Trying to avoid a state bailout....
The world's oldest bank is pressing ahead with its plan to raise €5 billion before the year is out, as it seeks to avoid being bailed out by the Italian government.
The board of Monte dei Paschi di Siena, which is Italy's third largest bank, met on Sunday and decided that it would stick to its debt-for-equity swap offer which could see losses for retail investors holding up to €2.4bn of bonds.
Monte dei Paschi had asked the European Central Bank (ECB) for more time to secure the private investment, but failed to secure a proposed extension until January 20th. It is now counting on private investors to rescue it by December 31st.

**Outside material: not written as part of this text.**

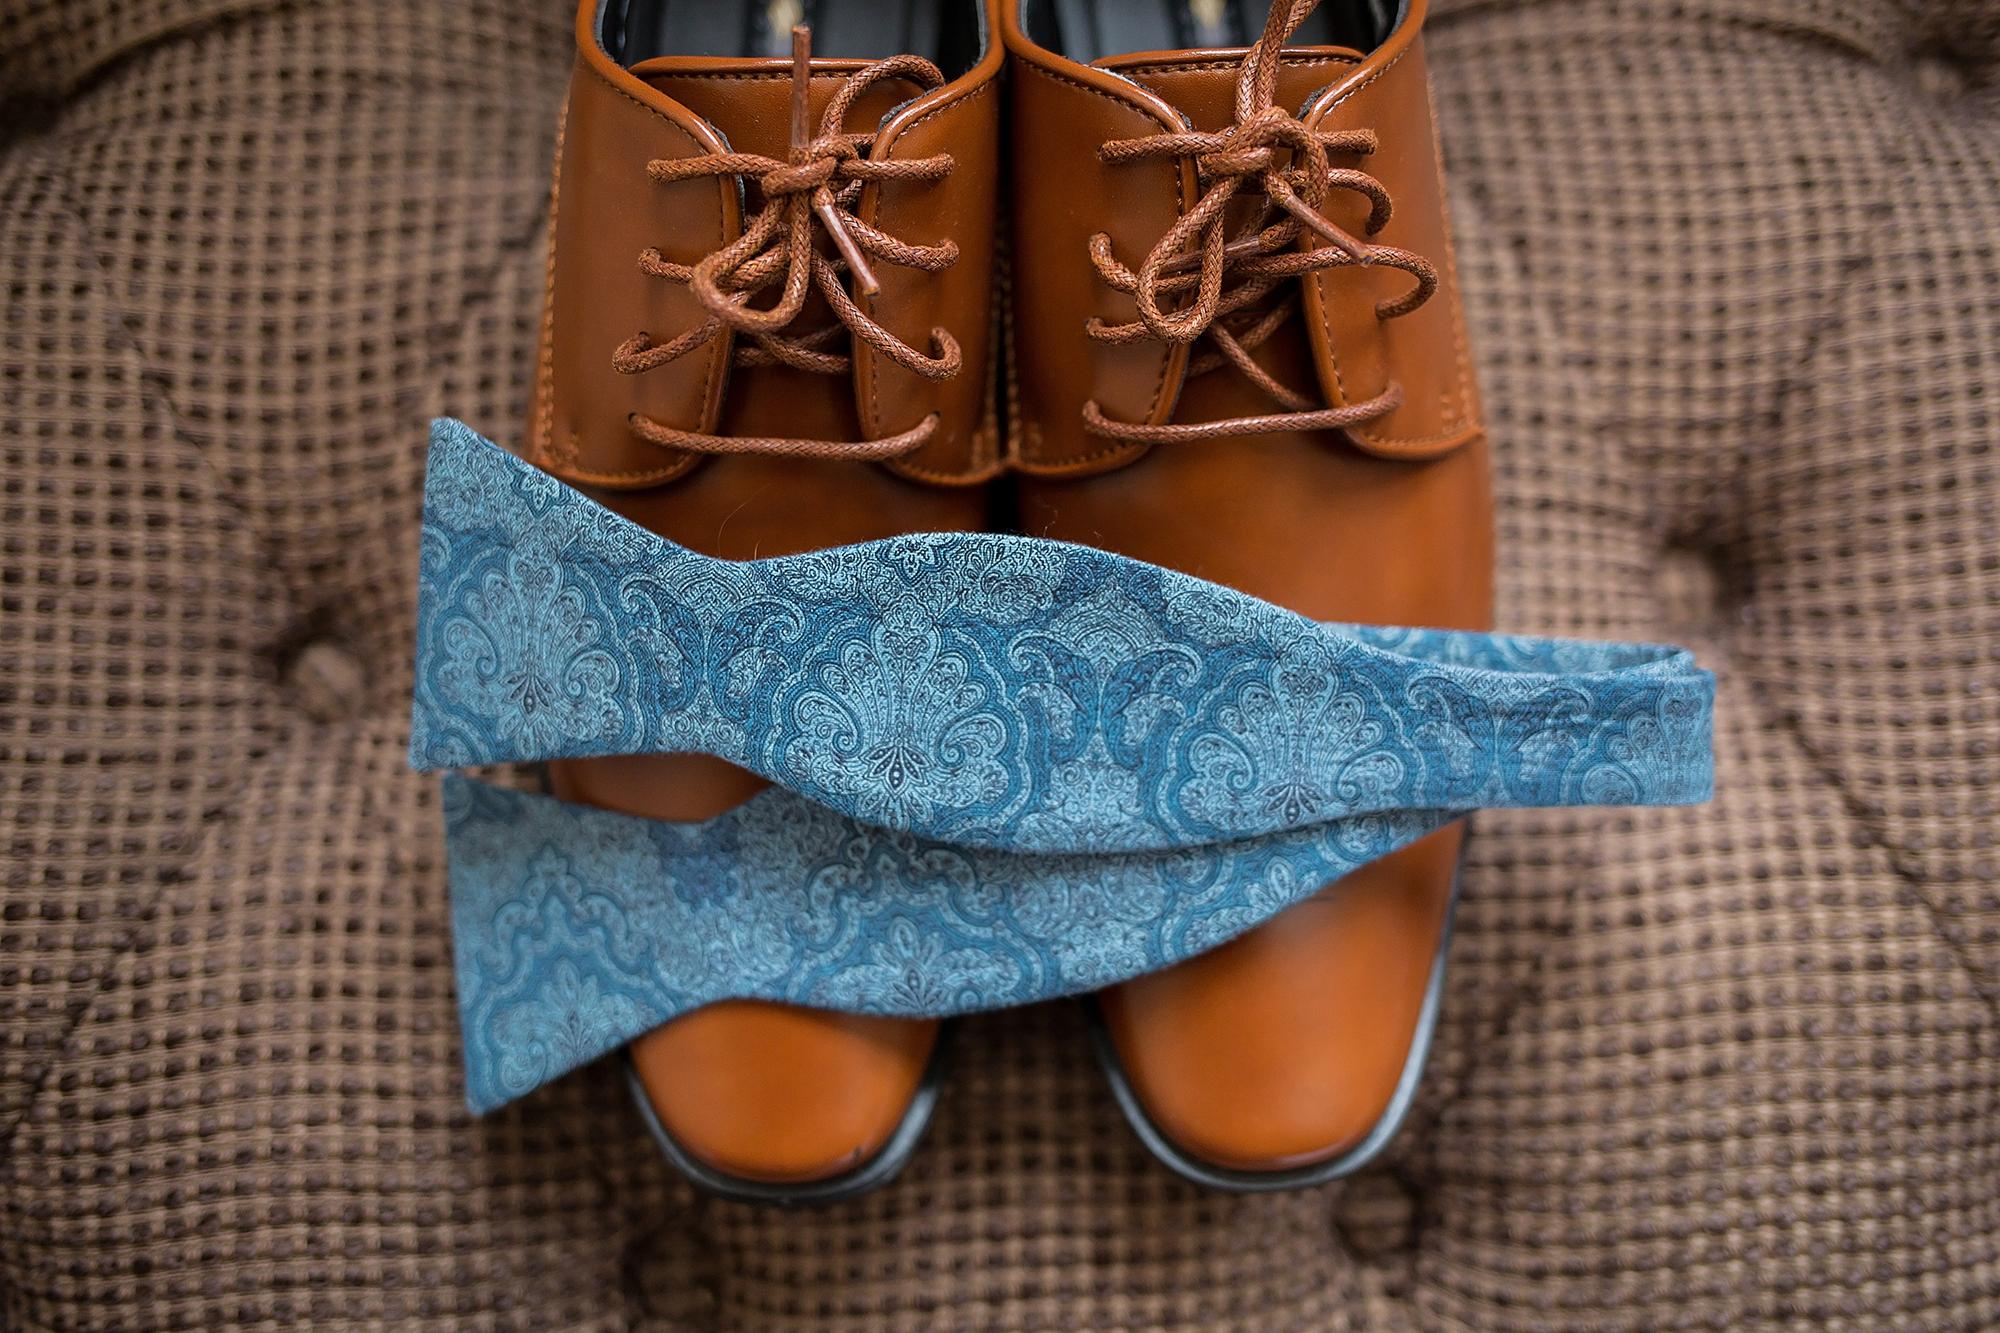 bow-tie-for-groomsmen.jpg

Thus far, there has been little interest in the private sector recapitalisation scheme from investors, though rumours continue to circulate that Qatar could come to the rescue.
If the bank collapses, it would threaten the stability of other financial institutions in Italy, including its biggest bank, UniCredit.

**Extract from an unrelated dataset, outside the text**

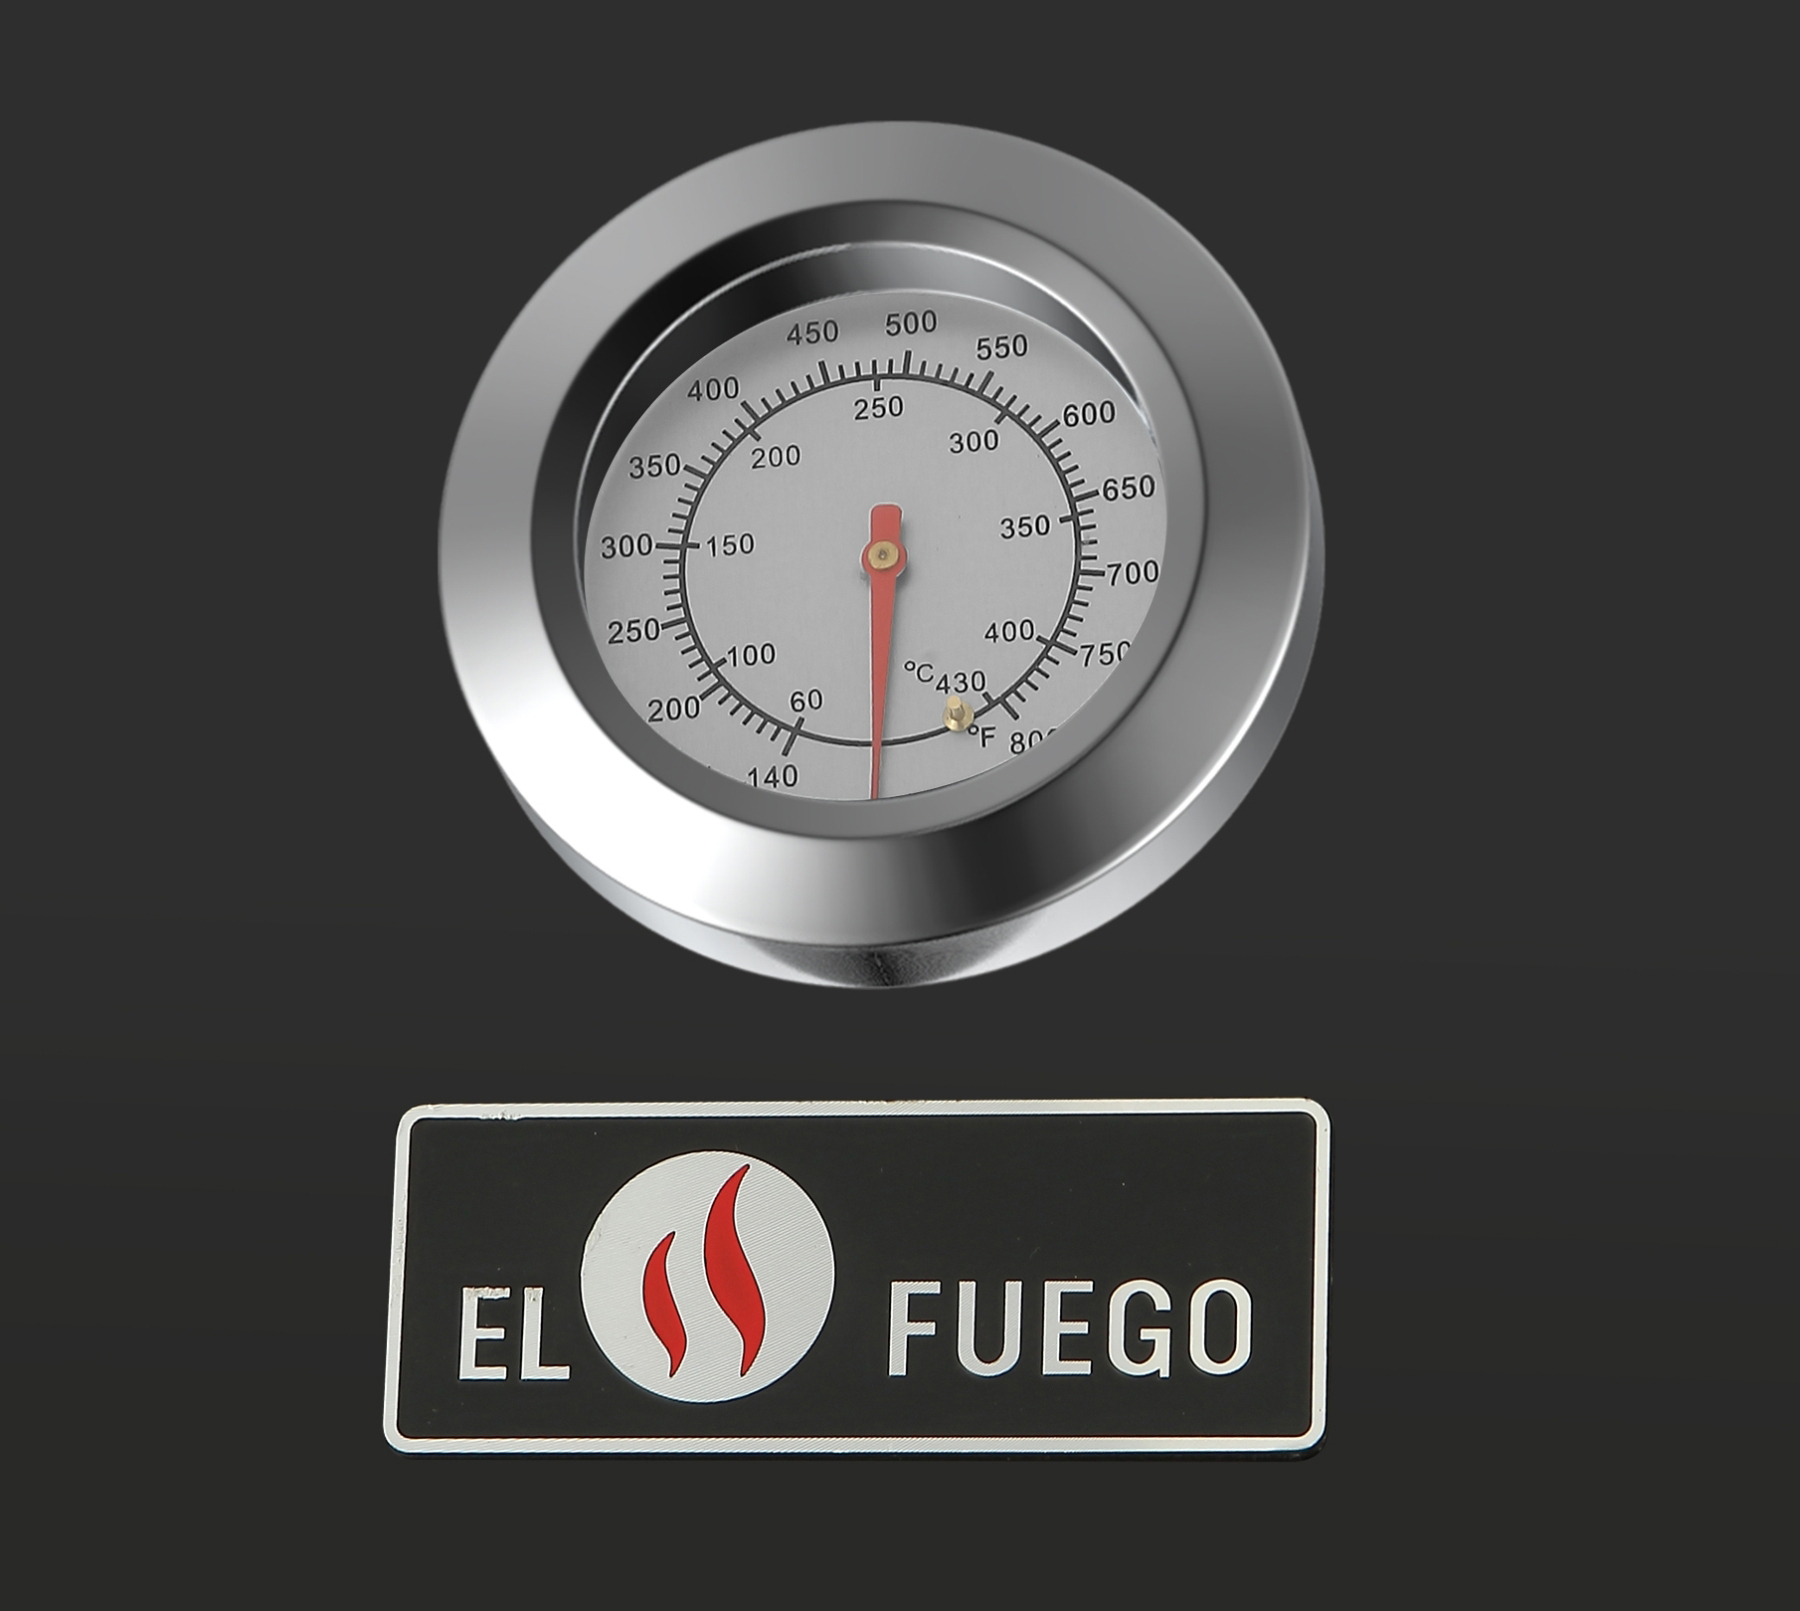 El Fuego Gasgrill / Grillwagen Brookline 3+1 Grillfläche 60x42cm Bild 8

It was reported last week that Italy was preparing to take a €2bn controlling stake in Monte dei Paschi, after its future was thrown in doubt following former prime minister Matteo Renzi's defeat in a referendum on constitutional reform.
The bank was declared to be Europe's most in-danger financial institution after stress tests in July.
A source close to the board explained the current state-of-play to Reuters:
"There's still time. Qatar is in the game and available to put in the amount that is being talked about."
However, another source views the plan as a desperate move:
"The ECB has not responded yet. There's no government yet. The bank has got nothing to lose."